Does this mountain have a summit?
When we were in Monsanto on Saturday, I noticed a hiking trail below the village. I thought we’d check out today where it leads. At eleven o’clock we set off. I parked where I had on Saturday, and next to the kindergarten we found the little path marked with a small sign: „Idanha-a-Velho, 18 km”. Well, I don’t really feel 36 kilometres in me, but let’s start out and see what we find. The dogs were running around freely, Panka within visible distance, Gerbeaud not so much. But I took treats with me, and when I called, he came. We walked and walked, followed the markings, but then at one point I was so impressed by a rock formation (photo below) on the basalt mountain that I wanted to photograph it from every angle, and I think we missed a marker. I didn’t panic; we’ll discover something else. Here we already had to walk on a proper asphalt road, between houses and fields, but only two cars passed us the whole time. Gerbeaud was on a leash, Panka was free. In one small village we weren’t greeted by security guards, but by a sweet little choir. Two dogs were howling with such feeling „wuuuuwuuuuwuuuvu” that I had to capture them at least on a photo. Then the bigger one jumped down from the fence and started to follow us and bark at us as we were walking away. When I stopped and turned around, he suddenly began sniffing something with great intensity. „It wasn’t me! Everything’s okay, go in peace.”

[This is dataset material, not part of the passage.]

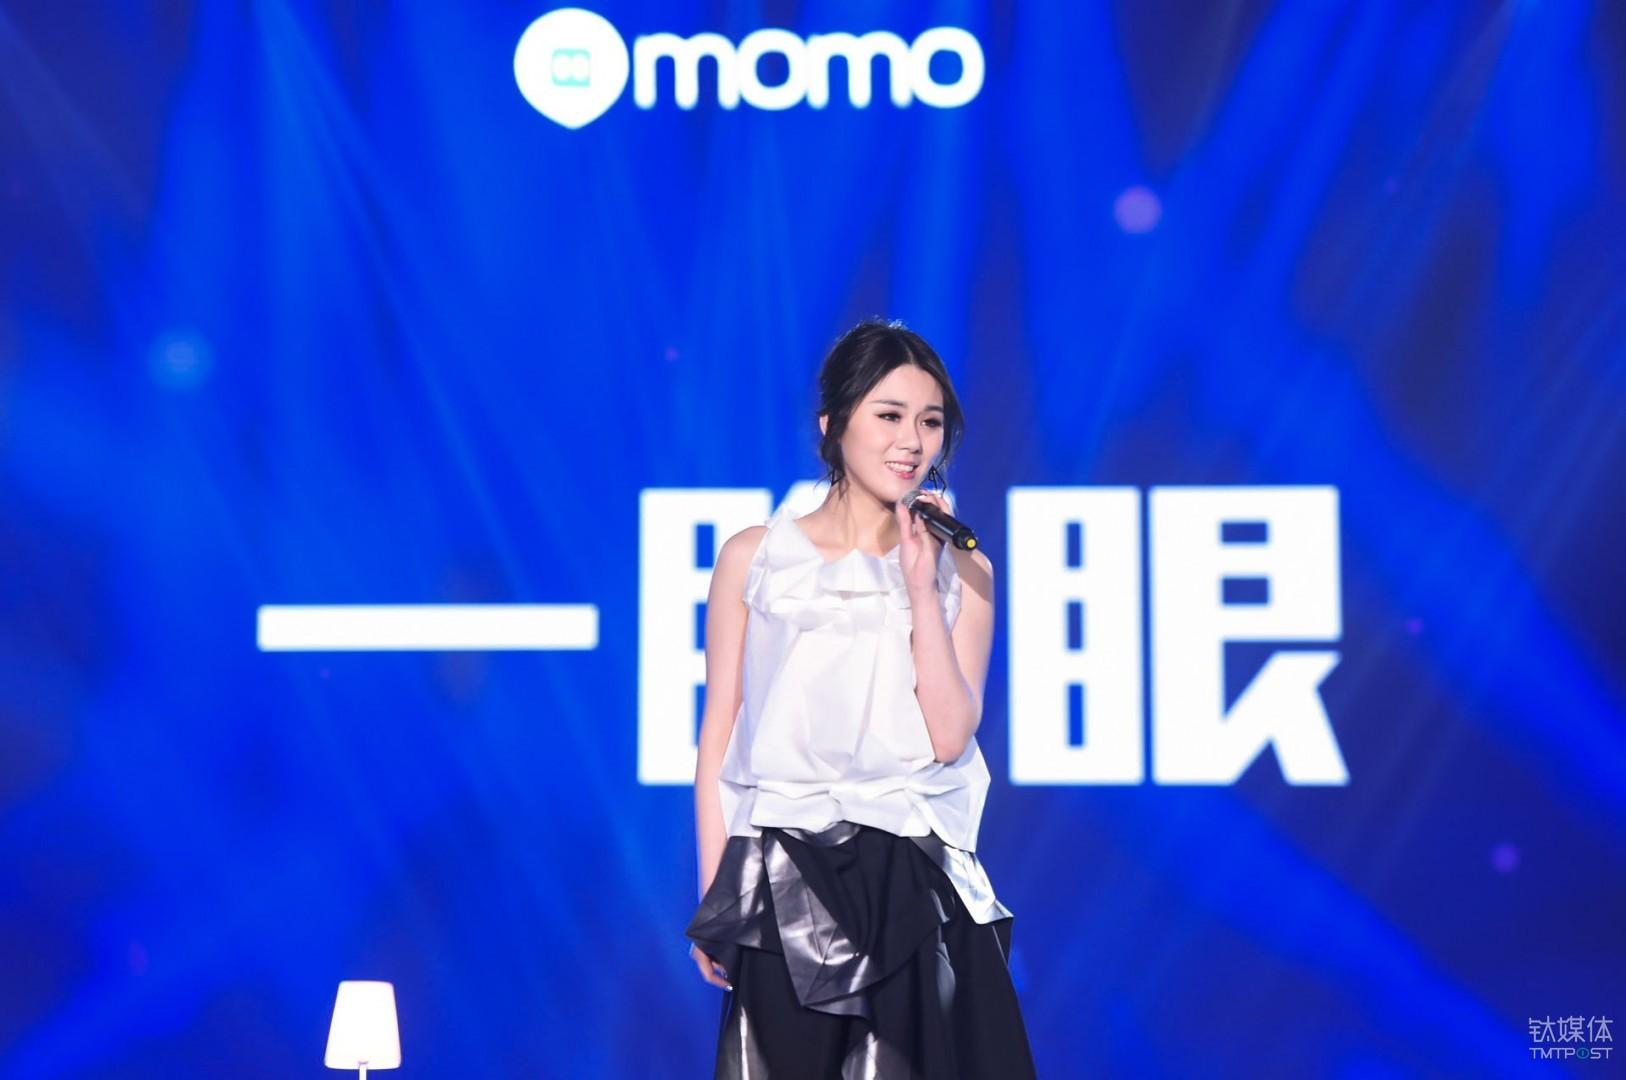 """原来在琴岛演出的歌手沈玮琦,参与了陌陌2017年的线下盛典""""17惊喜夜"""""""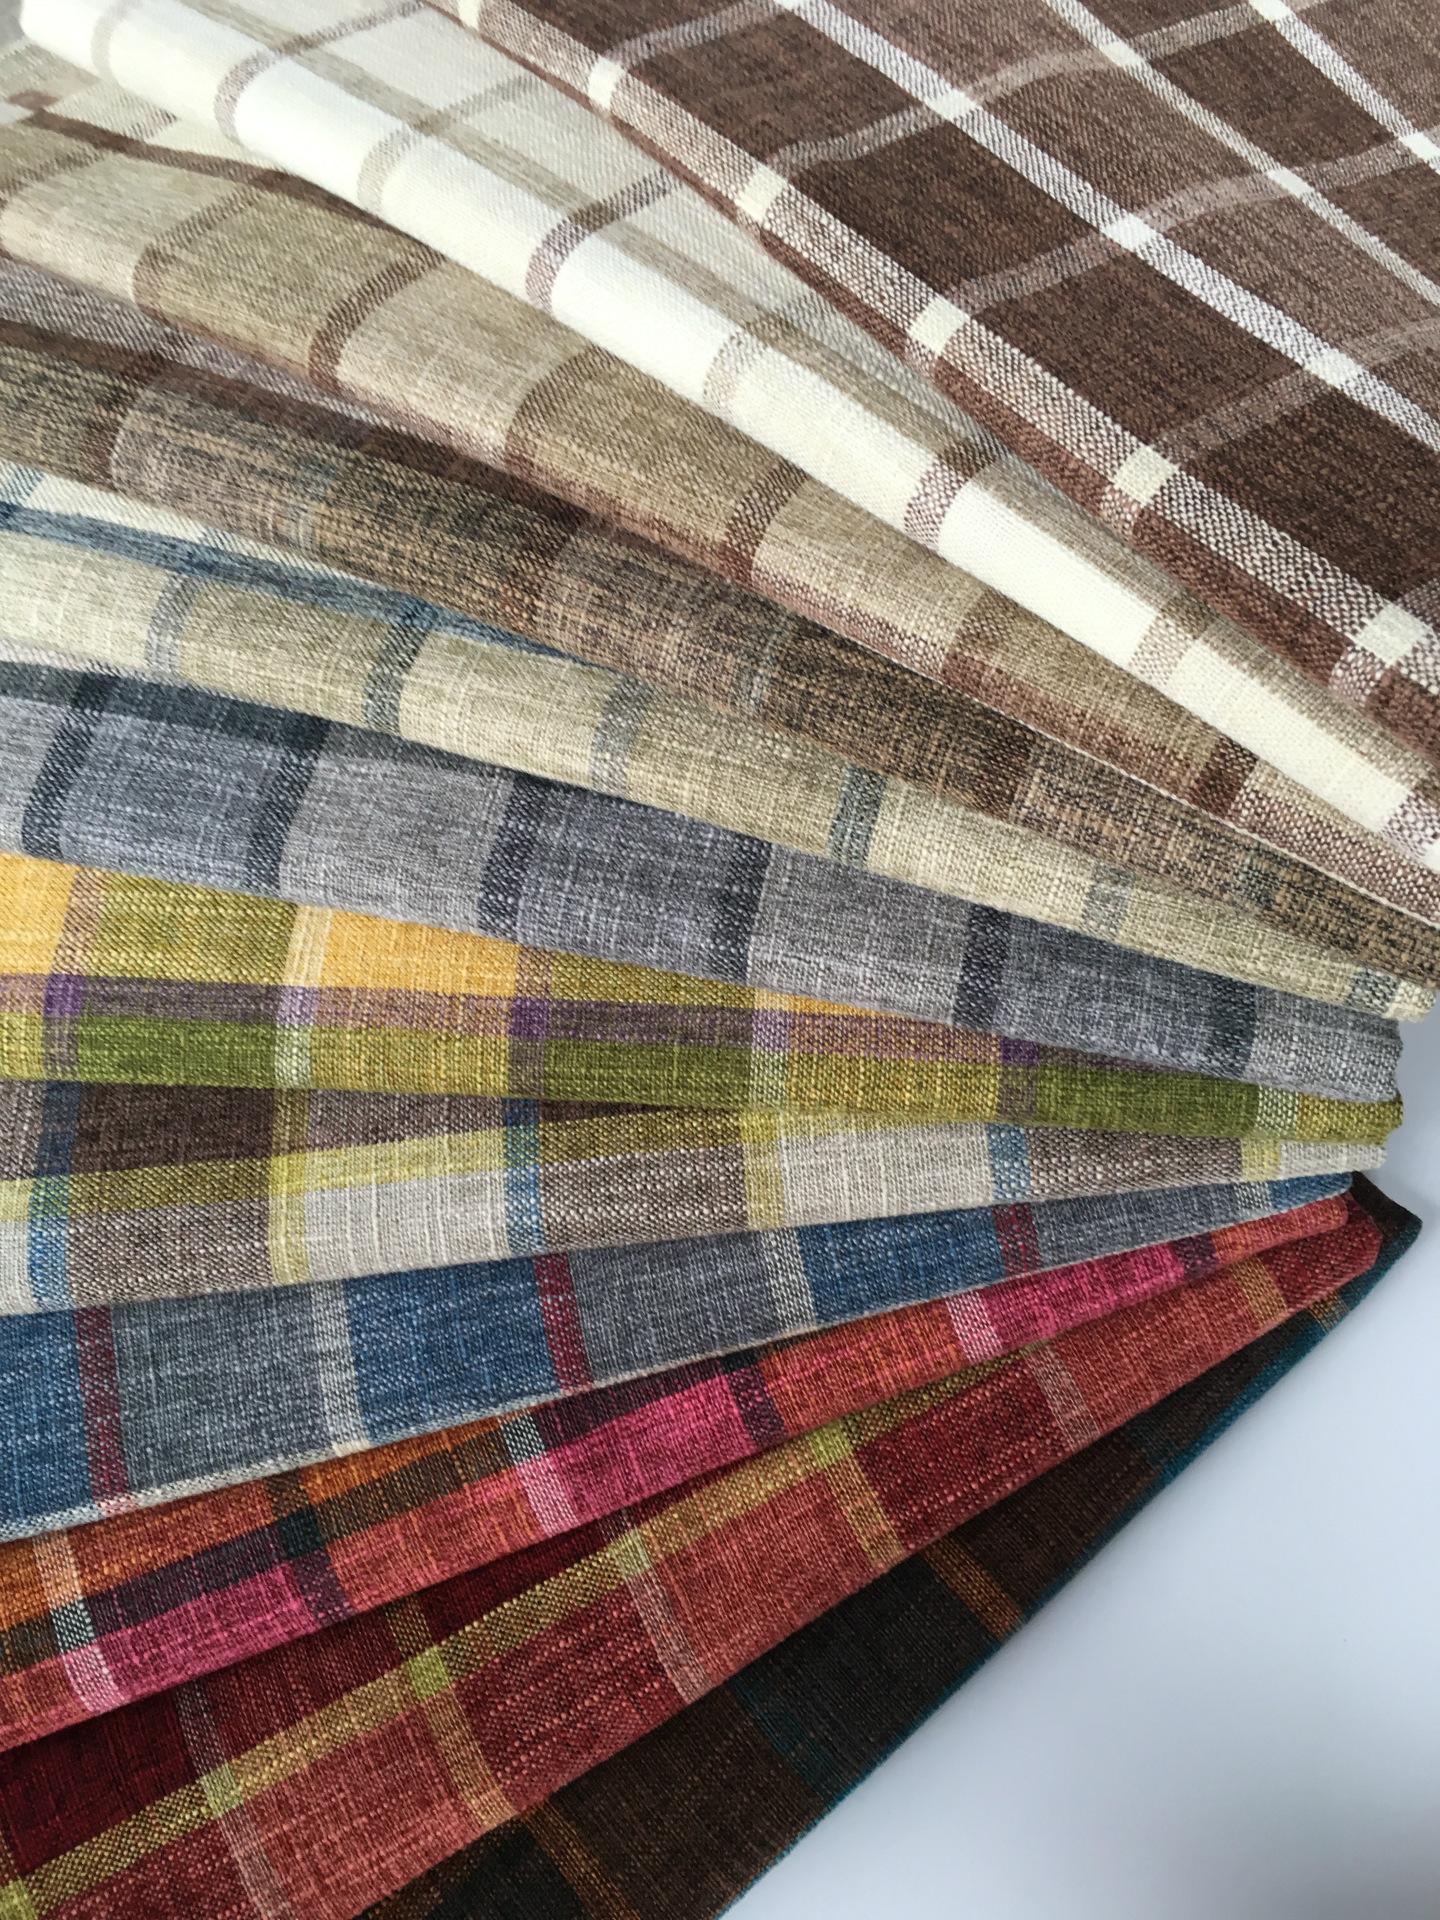 Cotton linen linen dày chịu mài mòn pha trộn linen sofa vải màu rắn sofa bìa gối bao gồm xe vải

We walked, just kept on walking — not ten kilometers, but when the opportunity came up, we turned right onto a road at the foot of this big basalt mountain (photo below). We went up, further up, then suddenly the road ended, and among the rocks and huge boulders I saw a very narrow path. That’s when it dawned on me: „My God, this is the backside of the big mountain of Monsanto!” The village is on the other side. From far away this mountain looks gigantic; up close it looks even more gigantic and even steeper. Well, I am happy to say that we successfully climed this big mountain. Panka was free, Gerbeaud's leash was clipped to my waist, so I did have some help. Minimal, because he weighs only 12 kilos, and I’m, well, maybe fifty-one. By the time we got up, all three of us had our tongues hanging to our knees. The dogs sweat through their paws; I sweated everywhere. That was a serious achievement. I patted them, then patted my own shoulder too. Once again I managed to fill the day with an exhilarating experience. We slowly walked down to the car through the village (I took more photos); everyone drank up their water bowl/bottle, and we set off for home. The sky was cloudy all day, which seemed especially good for a climb like this.